|2005N-0345|| Drug Approvals: Circumstances under which an active ingredient may be simultaneously marketed in both a prescription drug product and an over-the-counter drug product|
|FDA Comment Number :||EC874|
|Submitter :||Ms. Mary Hartigan||Date & Time:||10/17/2005 10:10:16|
|Organization :||Ms. Mary Hartigan|
|Category :||Individual Consumer|
| A. Should FDA initiate a rulemaking to codify its interpretation of section 503(b) of the action regarding when an active ingredient can be simultaneously marketed in both prescription drug product and an OTC drug product?|
| No. The current process is reasonable and clear. The only reason it did not work for Plan B is because the process was intended to fail. No procedure is proof against active sabotage from within.
Of course, a decision that a full review and rule making are "necessary" before proceeding would be an excellent way to delay action on Plan B and to ensure that political critera are central to future rulemaking on all devicies and drugs. Perhaps a requirement that all future drugs and devices undergo a religious test to ensure that they did not result from the application of evolutionary biology would also be appropriate.
| A. Should FDA initiate a rulemaking to codify its interpretation of section 503(b) of the act regarding when an active ingredient can be simultaneously market in both a prescription drug product and an OTC drug product?|
|No. Same reason as above.|
|B. Is there significant confusion regarding FDA's interpretation of section 503(b) of the act?|
|No more than was intended by the process. There is no cure for bad-faith implementation of a procedure or process.|
|C. If so, would a rulemaking on this issue help dispet that confusion?|
| The only confusion with regard to current interpretation of section 503(b) was intended by the FDA political staff and no rule making could cure that.|
| A. If FDA limited sale of an OTC product to a particular subpopulation, e.g., by making the product available to the subpopulation by prescription only, would FDA be able to enforce such a limitation as a matter of law?|
|I have heard no cogent argument as to why the FDA could not enforce such a limitation.|
|B. If it could, would it be able to do so as practical matter and, if so, how?|
|Have it sold from behind the pharmacy counter and require proof of age for persons who appear to be under 21.|
| A. Assuming it is legal to market the same active ingredient in both a prescription and OTC product, may the different products be legally sold in the same package?|
|A stick-on label for the prescription only version containing an age appropriate warning would be a sufficient change in packaging.|
|B. If the two products may be lawfully sold in a single package, under what circumstances would it be inappropriate to do so?|
| I support the over the counter sale of the emergency oral contraceptive ?Plan B.? This pill is not an abortificant and, in fact saves women from developing a crisis pregnancy. The age of the person trying to avoid conception is irrelevant.
The 'reasoning' that not enough testing had been done in the 14-16 age population is specious. I'll warrant that men between 22-40 were not tested either. Nor, likely, women over 80. The age issue is entirely politically motivated and is not calculated to better the health and life of women.

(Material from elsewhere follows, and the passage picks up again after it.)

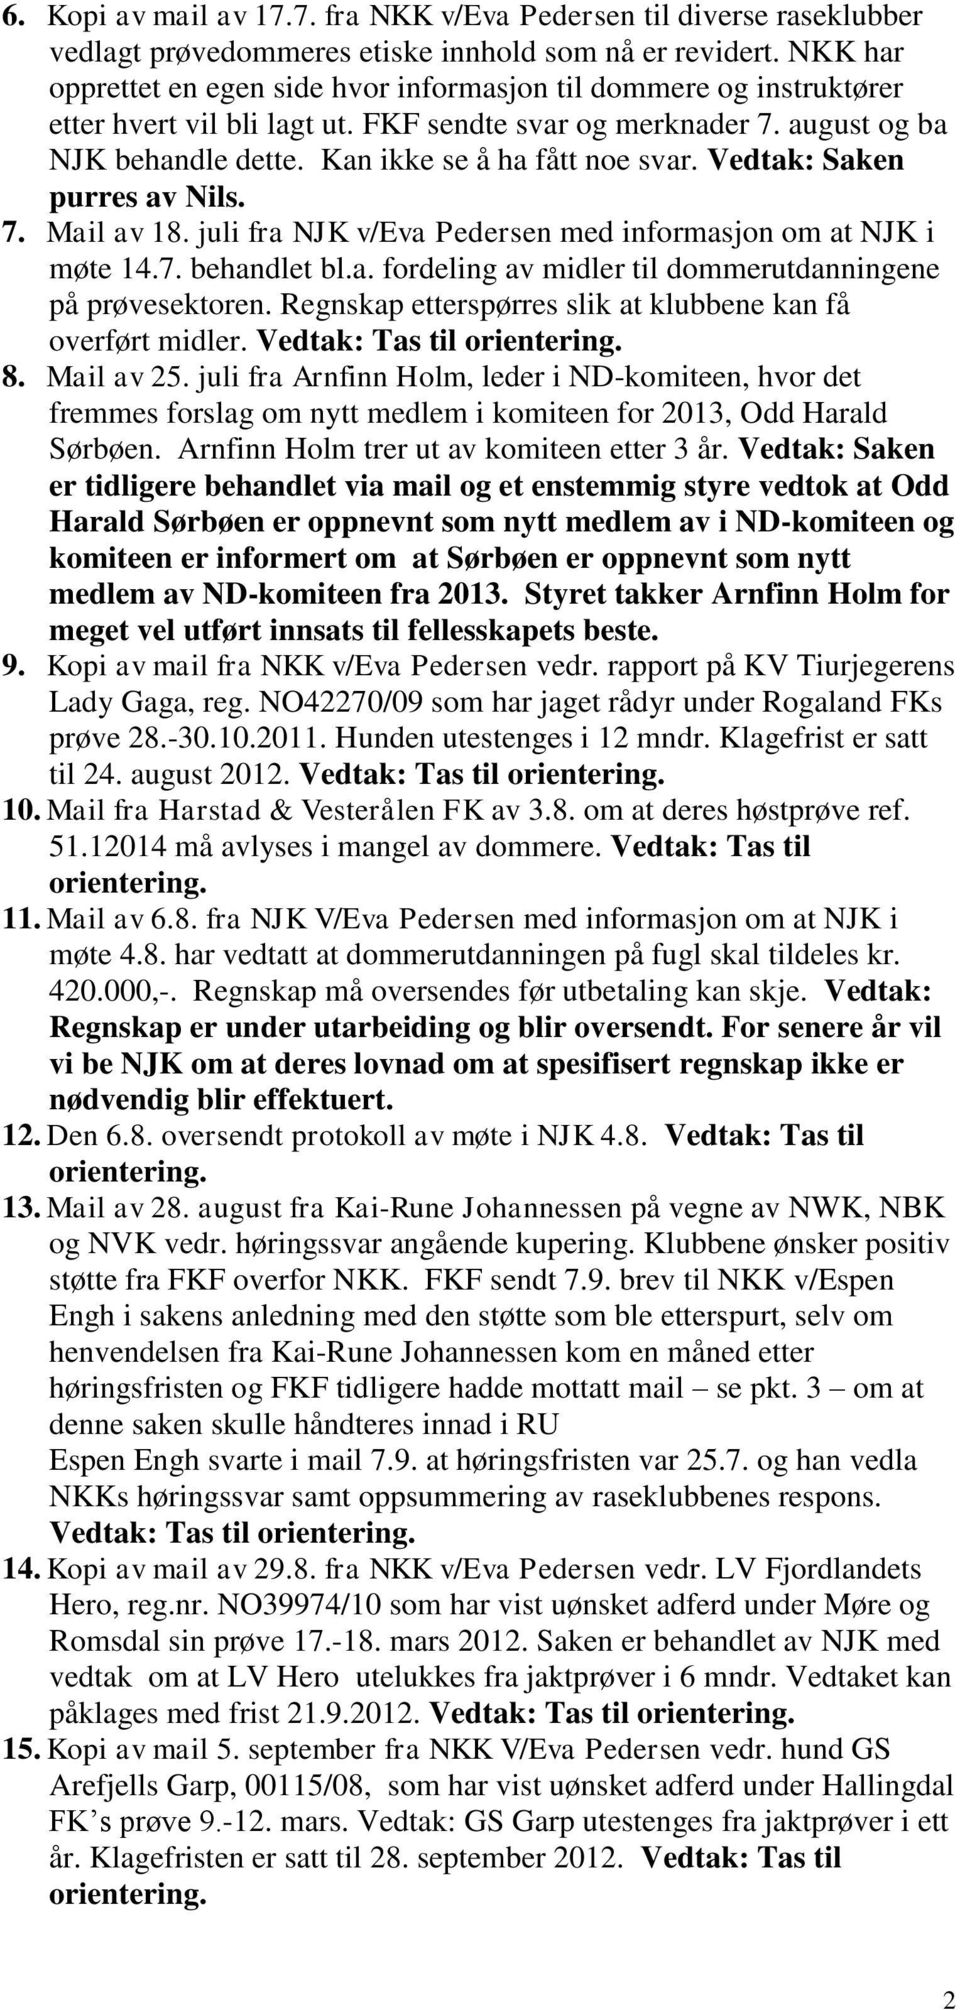 Kan ikke se å ha fått noe svar. Vedtak: Saken purres av Nils. 7. Mail av 18. juli fra NJK v/eva Pedersen med informasjon om at NJK i møte 14.7. behandlet bl.a. fordeling av midler til dommerutdanningene på prøvesektoren.

I cannot understand why anyone would delay the availability of this medicine. Apparently, the FDA is in the grip of a radical right wing ideology that elevates one set of religious beliefs to the level of a State Religion. We now have a situation that when facts and science provide answers, these answers must be denied in deference to the extreme religious beliefs of a tiny minority. If that minority is right ? that medicines which prevent conception are ?murder pills? - then the FDA should also prohibit doctors or other health care professionals from suggesting or facilitating breastfeeding or from prescribing a whole host of medications and treatments that might conceivably somehow interfere with female fecundity.
Stop the delay, approve OTC sale of Plan B.